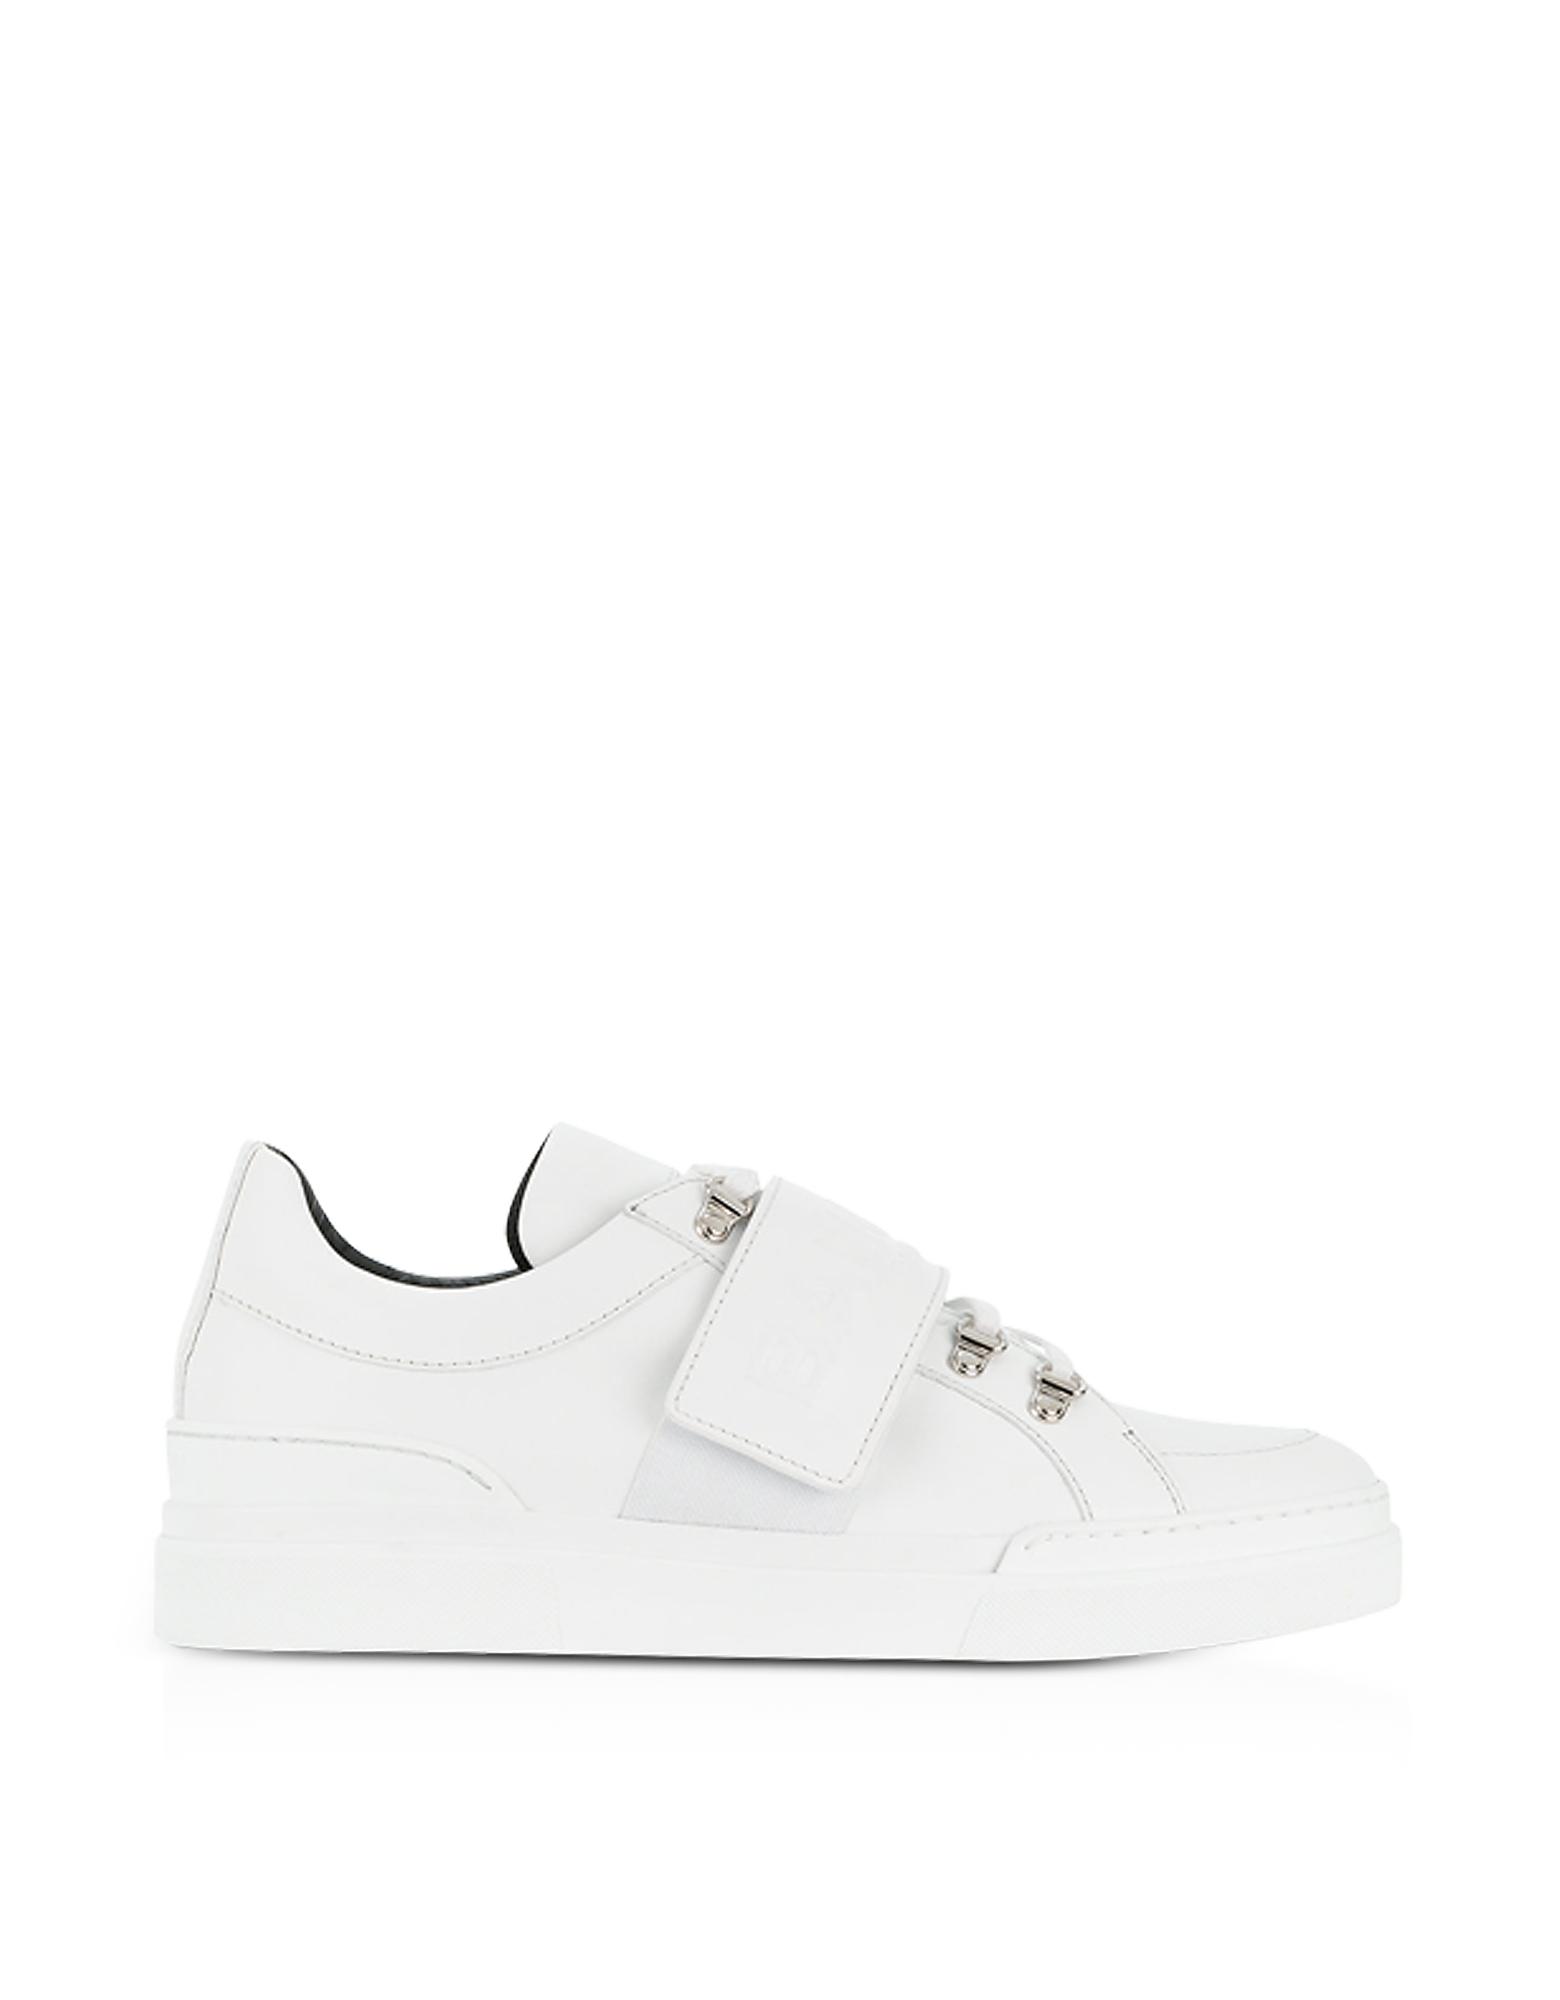 Balmain Shoes, White Leather Low Top Men's Cobalt Sneakers
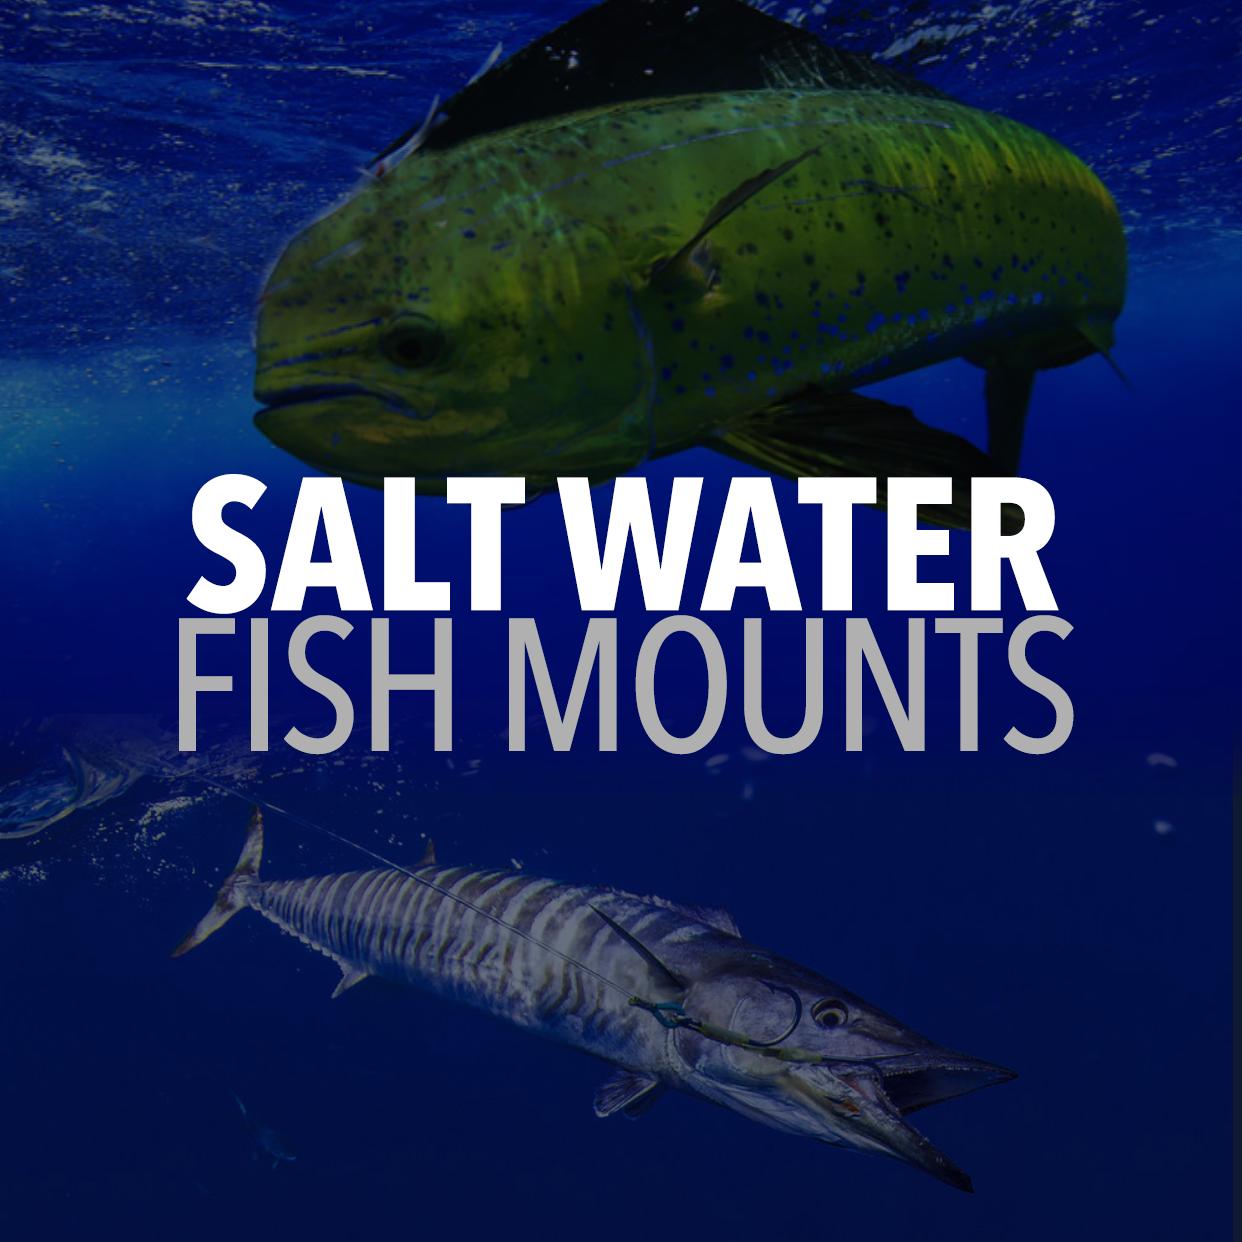 Saltwater fishmounts | Freshwater fishmounts | Mounted fish | Fish
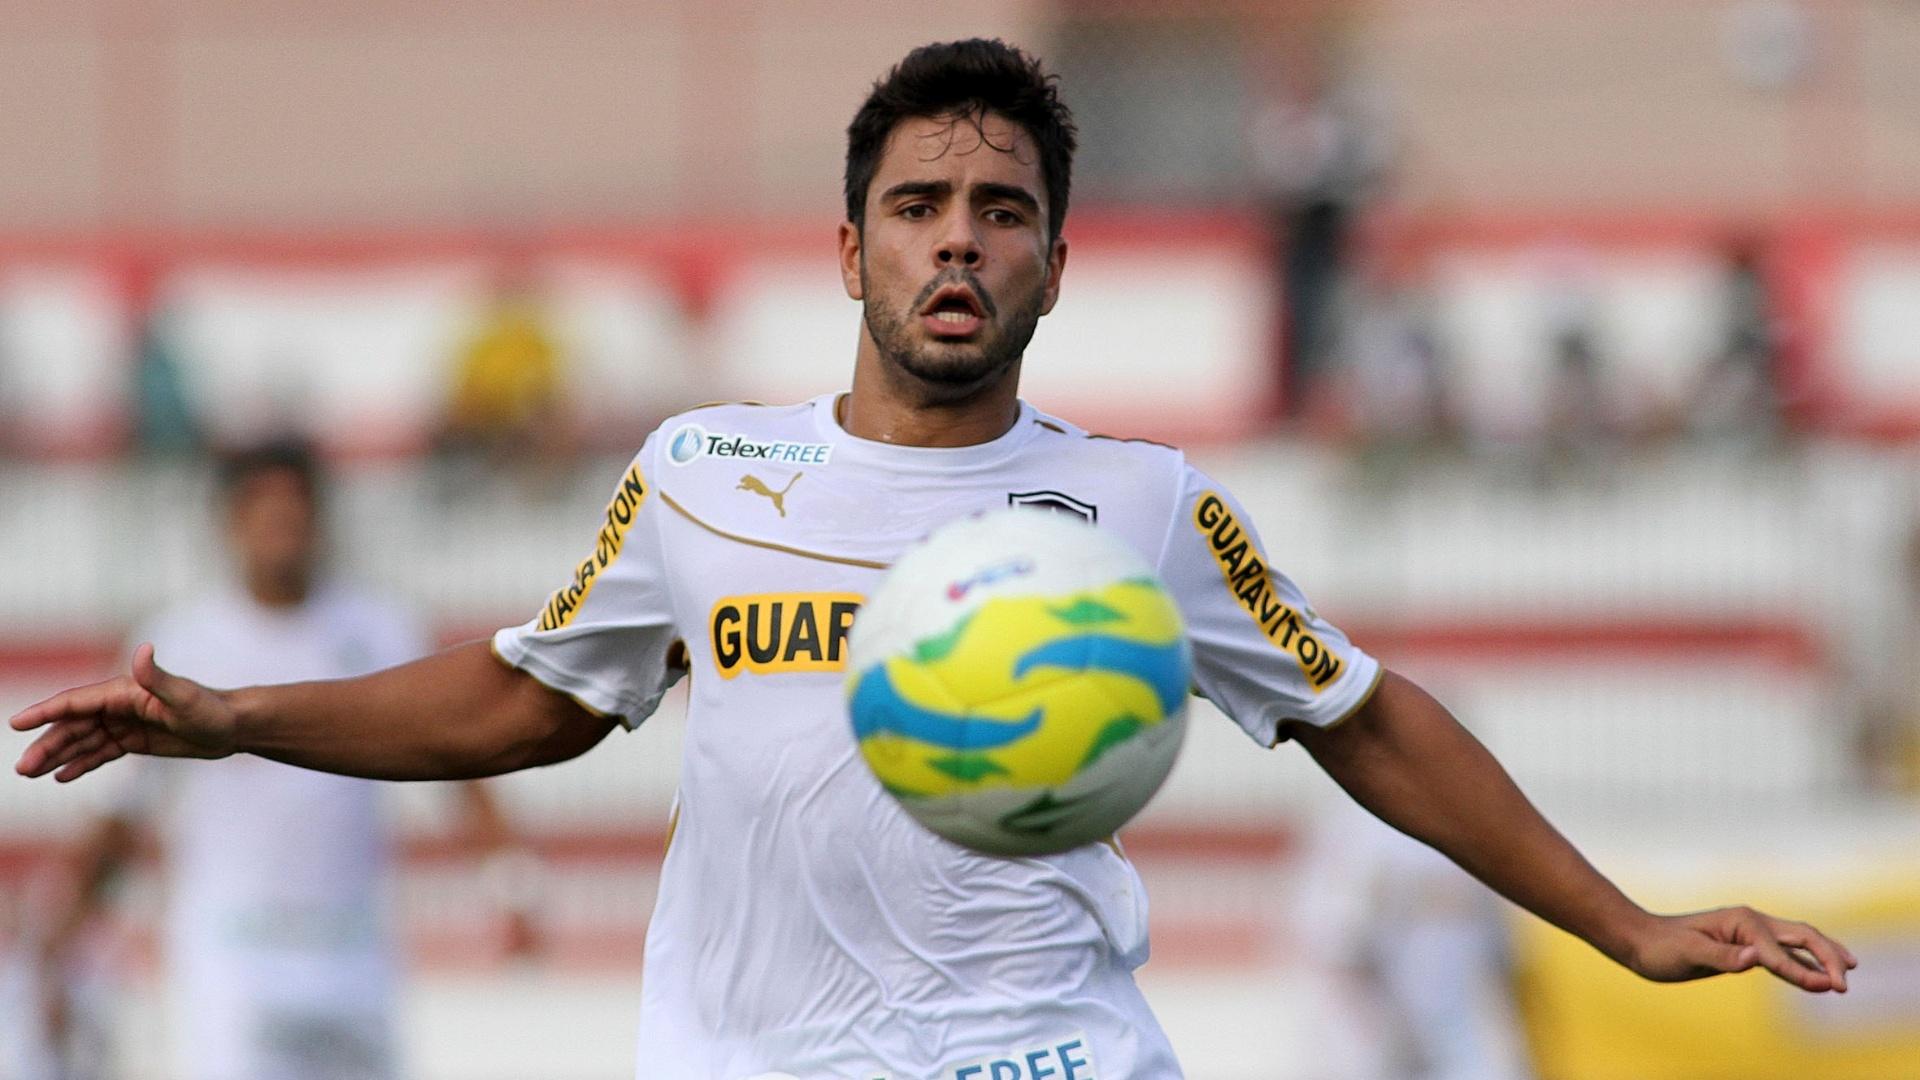 01.mar.2014 - Henrique tenta o domínio da bola na partida entre Botafogo e Macae pelo Campeonato Carioca

=-=-=

The whole listing is to be written out exactly; the pictures stay out of the copy.

RESULT:
 Balmain Shoes, White Leather Low Top Men's Cobalt Sneakers
 Saltwater fishmounts | Freshwater fishmounts | Mounted fish | Fish
 01.mar.2014 - Henrique tenta o domínio da bola na partida entre Botafogo e Macae pelo Campeonato Carioca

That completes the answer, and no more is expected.